Gibt es in der Krise denn eine neue Vernunft?
Das glaube ich nicht. Jeder ist angewiesen auf bestsellerverdächtige Stoffe. Meiner Wahrnehmung nach ist das Rennen darum eher noch verrückter geworden, weil der Markt sich weiter zuspitzt: Wenige Titel machen immer mehr Umsatz, das Mittelfeld dünnt aus.
Trotzdem stehen sich viele Verleger eher freundschaftlich gegenüber, die Branche hat etwas Familiäres.
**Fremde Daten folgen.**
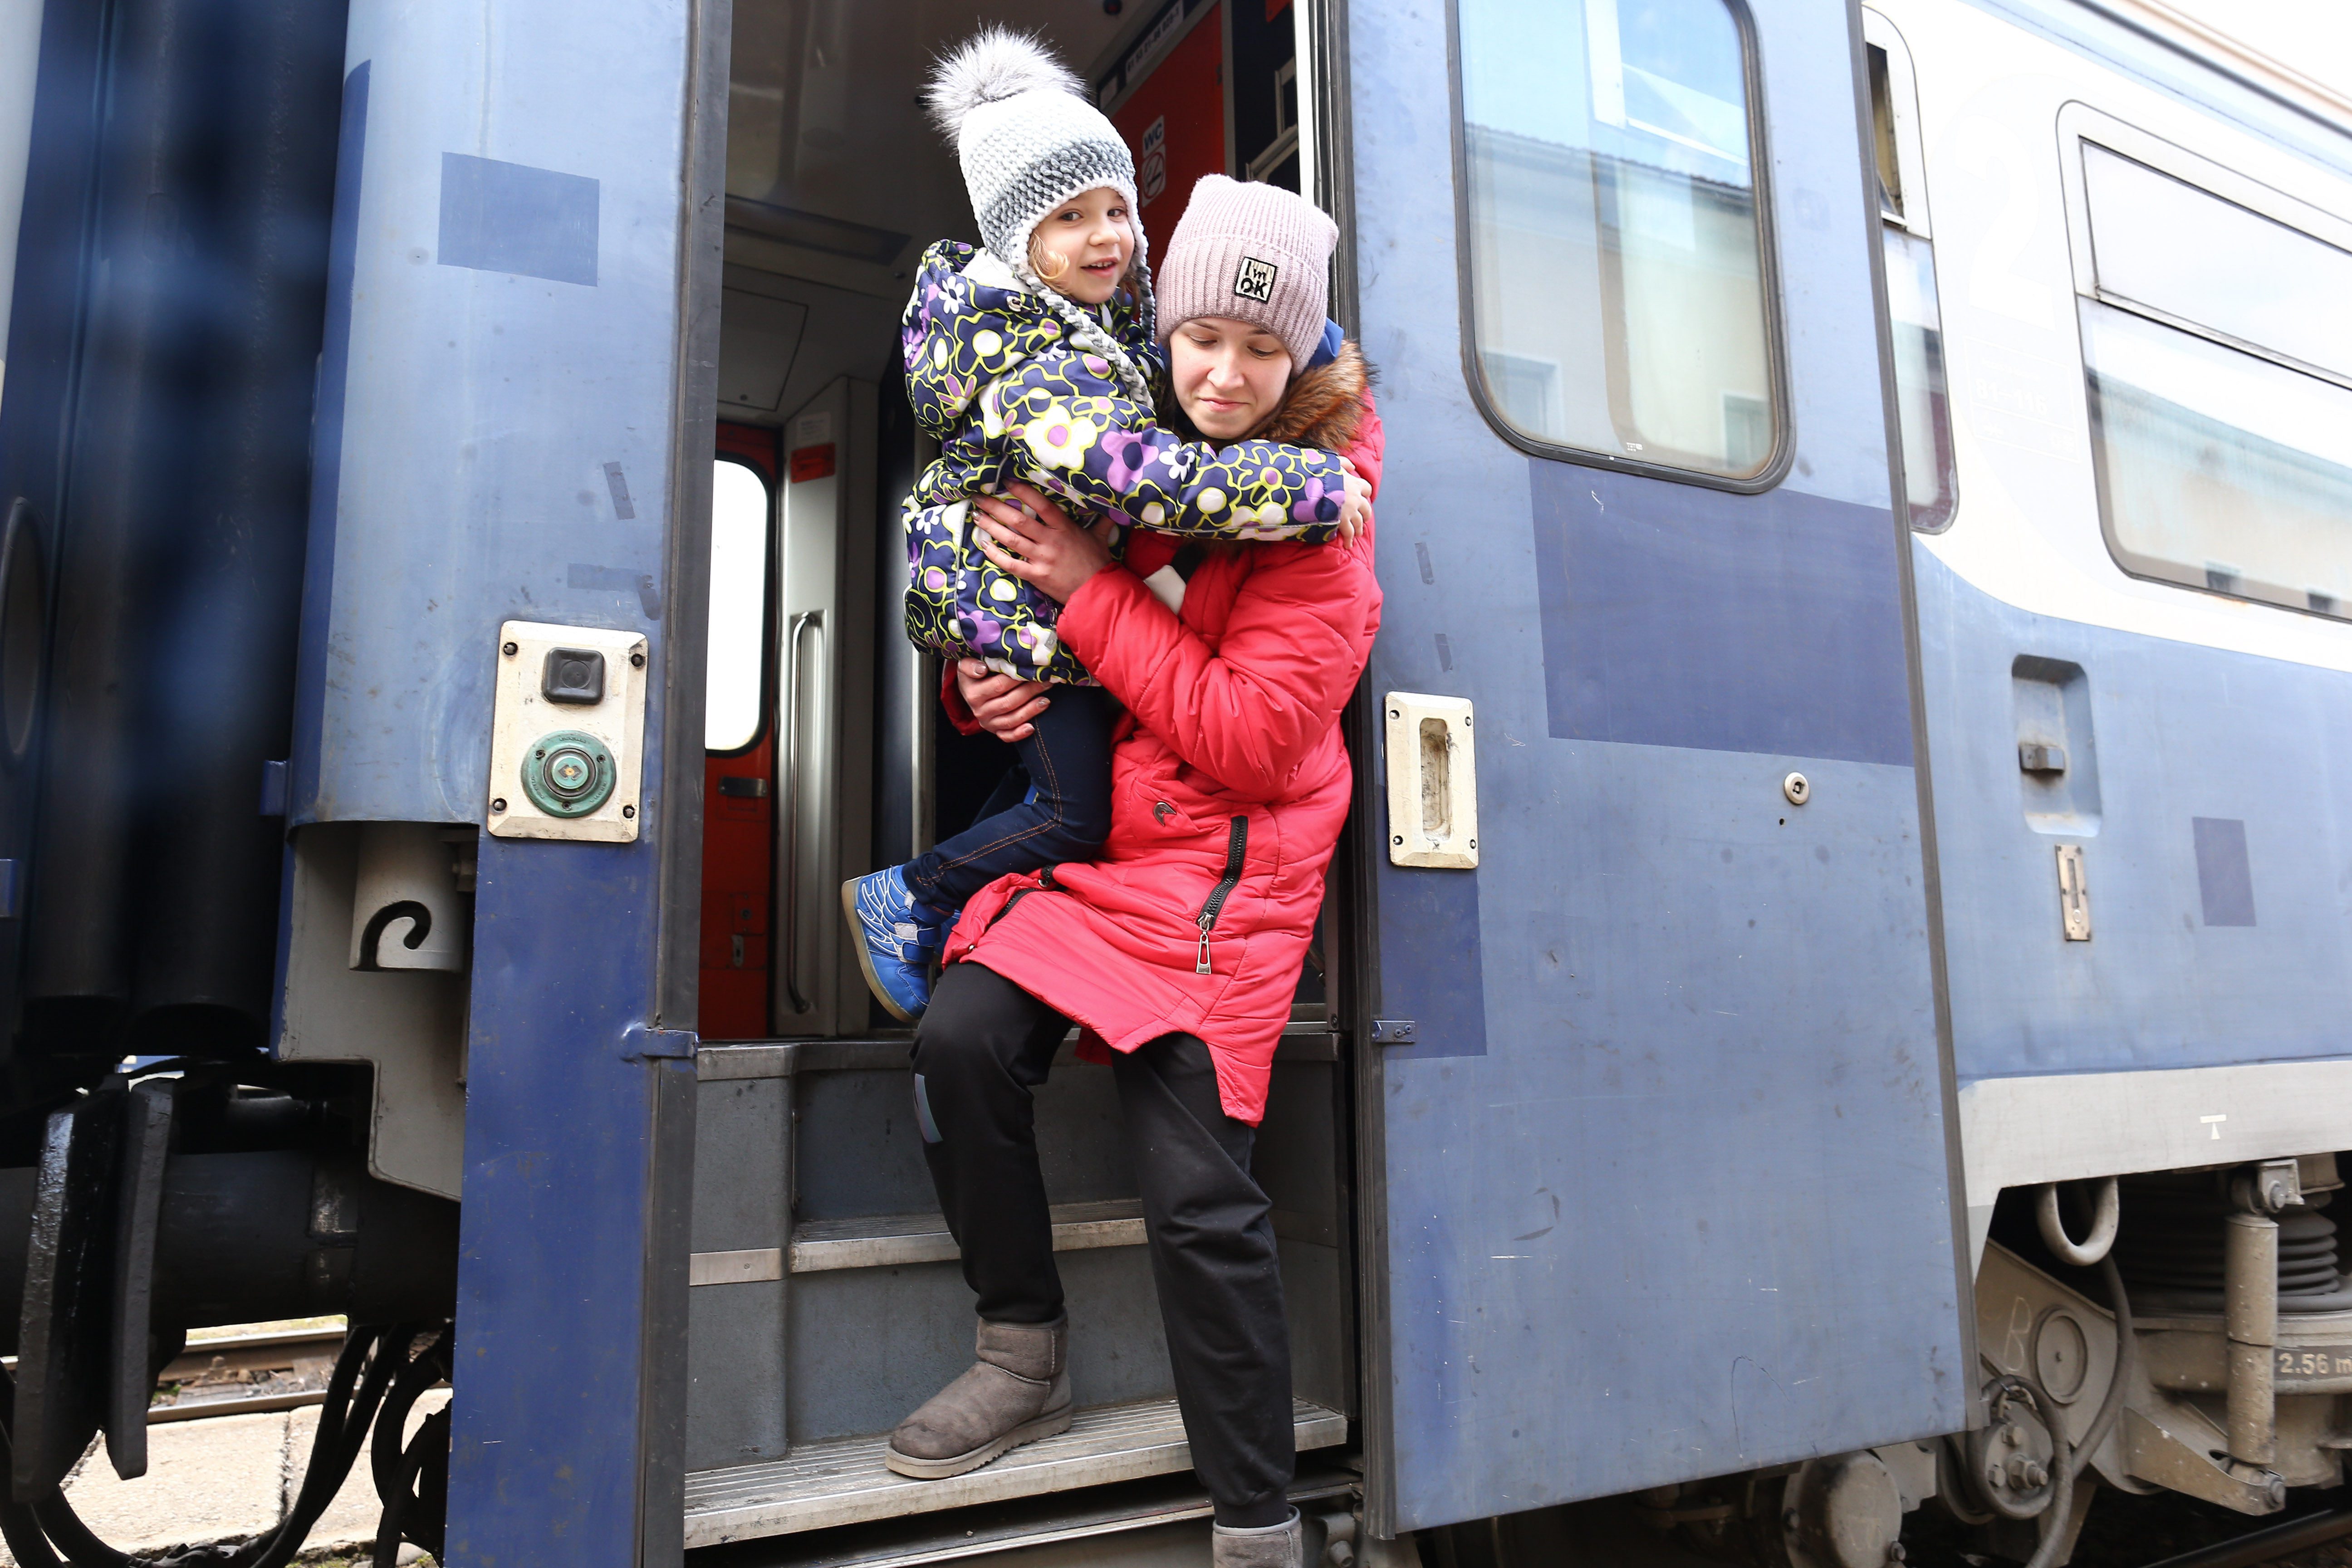 Ukrainian refugees entering Romania via train

Das stimmt. Und hat vielleicht damit zu tun, dass Verleger und Verlegerinnen immer auch Leser sind und sich für die Bücher aus anderen Verlagen begeistern. Bei aller Konkurrenz haben wir einen gemeinsamen Diskurs.
Und gemeinsame Probleme?
Man kann vieles bedauern. Zum Beispiel, dass die interessanten Literatursendungen im Fernsehen zu einer Sendezeit laufen, wo auch hartnäckig Interessierten die Augen zufallen. Oder dass die Verweildauer eines Romans in den Buchhandlungen immer kürzer wird. Aber was soll das? Da ist man schnell bei dem Satz „Früher war alles besser”, und der ist einfach dumm.